First of all I changed GetRssElement method to this:

    XmlDocument GetRssElement (string url)
    {
        try
        {
            var httpClient = new HttpClient();
            #Region httpClientHeaders
            httpClient.DefaultRequestHeaders.AcceptLanguage.Clear ();
            httpClient.DefaultRequestHeaders.AcceptLanguage.Add (new StringWithQualityHeaderValue ("en-US"));
            httpClient.DefaultRequestHeaders.AcceptLanguage.Add (new StringWithQualityHeaderValue ("en"));
            httpClient.DefaultRequestHeaders.AcceptLanguage.Add (new StringWithQualityHeaderValue ("fa"));

            httpClient.DefaultRequestHeaders.TryAddWithoutValidation ("User-Agent", "Mozilla/5.0 (Windows NT 6.1; WOW64) AppleWebKit/537.36 (KHTML, like Gecko) Chrome/54.0.2840.71 Safari/537.36");
            httpClient.DefaultRequestHeaders.TryAddWithoutValidation ("Connection", "keep-alive");

            httpClient.Timeout = TimeSpan.FromMinutes (1000);
            var xmlDoc = new XmlDocument();
            #EndRegion
            try
            {
                var stream = httpClient.GetAsync(rssLinkRecord.Url.Replace("feed://", ""));
                xmlDoc.LoadXml (stream.Result.Content.ReadAsStringAsync ().Result);
            }
            catch (XmlException) //if xml need encoding.
            {
                var wc = new WebClient();
                var encoding = Encoding.GetEncoding("utf-8");
                var data = wc.DownloadData(rssLinkRecord.Url.Replace("feed://", ""));
                var gzip = new GZipStream(new MemoryStream(data), CompressionMode.Decompress);
                var decompressed = new MemoryStream();
                gzip.CopyTo (decompressed);
                var str = encoding.GetString(decompressed.GetBuffer(), 0, (int) decompressed.Length);
                xmlDoc = new XmlDocument ();
                xmlDoc.LoadXml (str);
            }
            return xmlDoc;
        }
        catch (TaskCanceledException ex){}
        catch (AggregateException aex){}
        catch (XmlException xexi){}
        catch (WebException wex){}
        catch (Exception ex){}
    }

I used httpClient instead of request and response and set proper header for it. I used a big TimeOut because if a request fail before a Timeout, other connection on this group will be fail.
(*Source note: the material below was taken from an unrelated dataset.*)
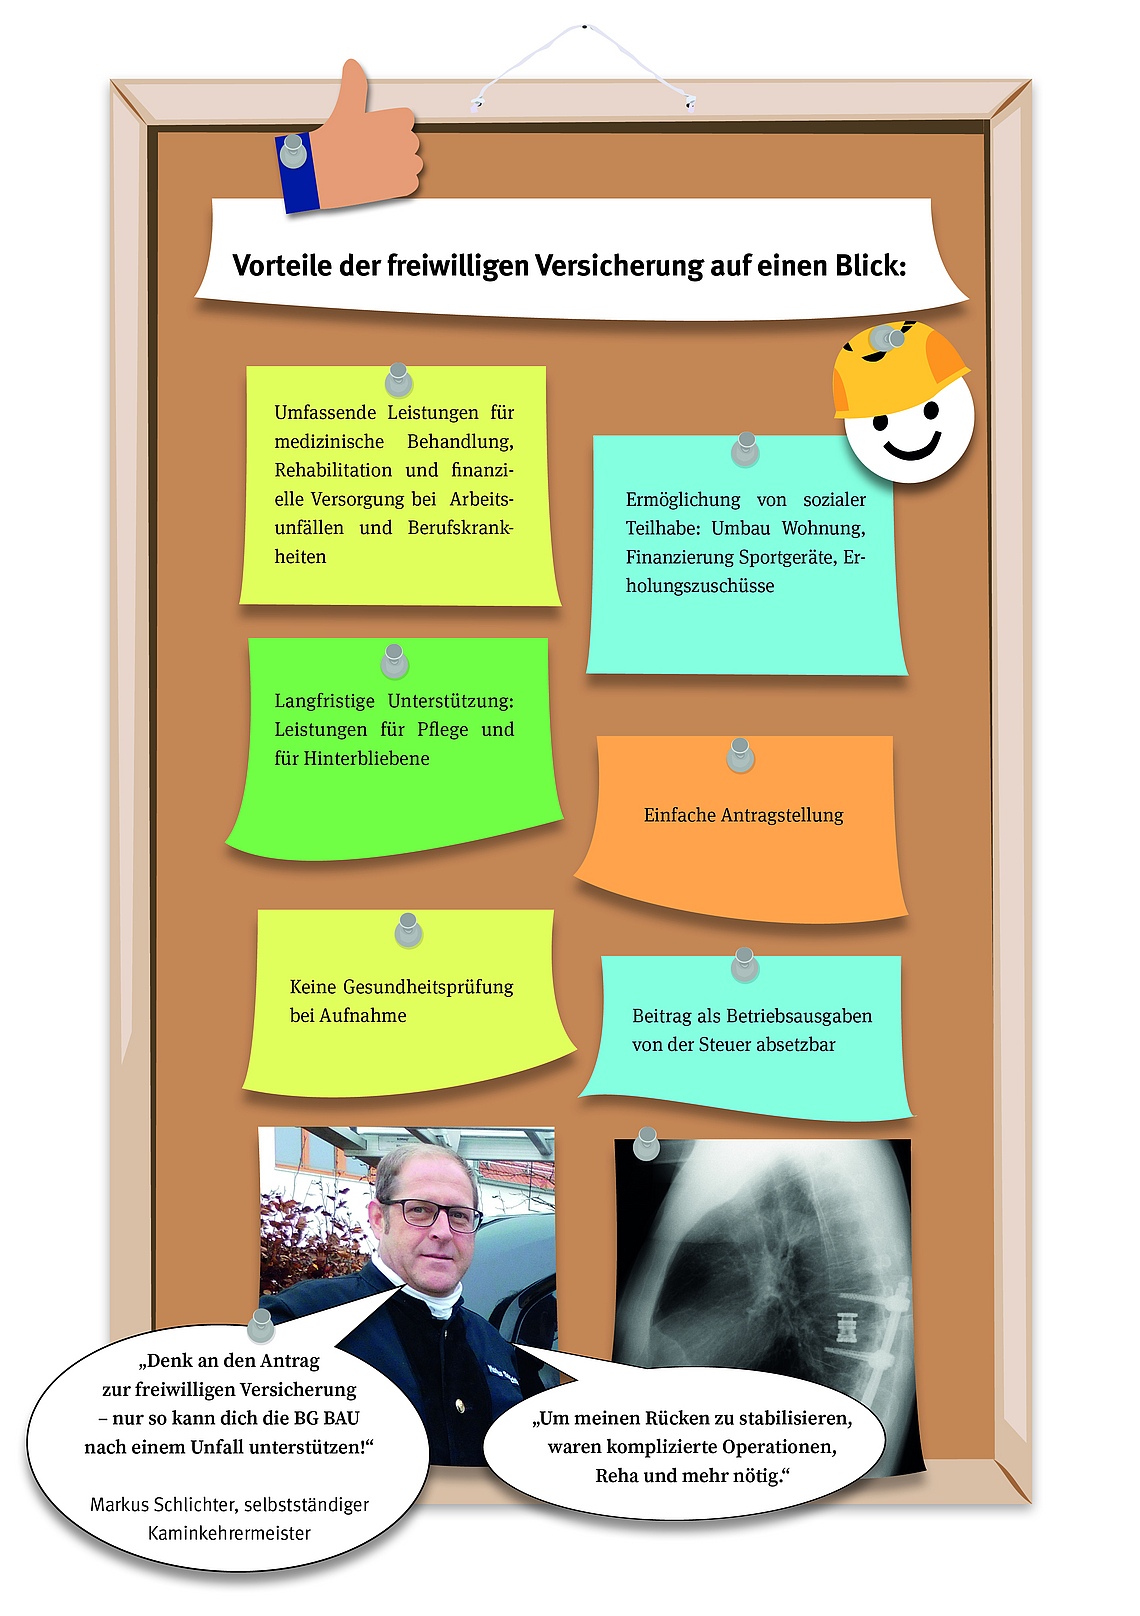 Grafische Darstellung einer Pinnwand mit Post-Its mit Notizen zu Vorteilen der freiwilligen Versicherung bei der BG BAU

I use a try catch block to get XmlException and use specific encoding for reading XML. Finally in this method I used different catch blocks so I can understand which kind of error happens.
Second, I used

System.Net.ServicePointManager.DefaultConnectionLimit = 999999999;

this at the first line where method is calling, to Removing limits that .Net has on connections.
Finally I changed some settings on registry as this link , to Removing limits that windows servers have on connections.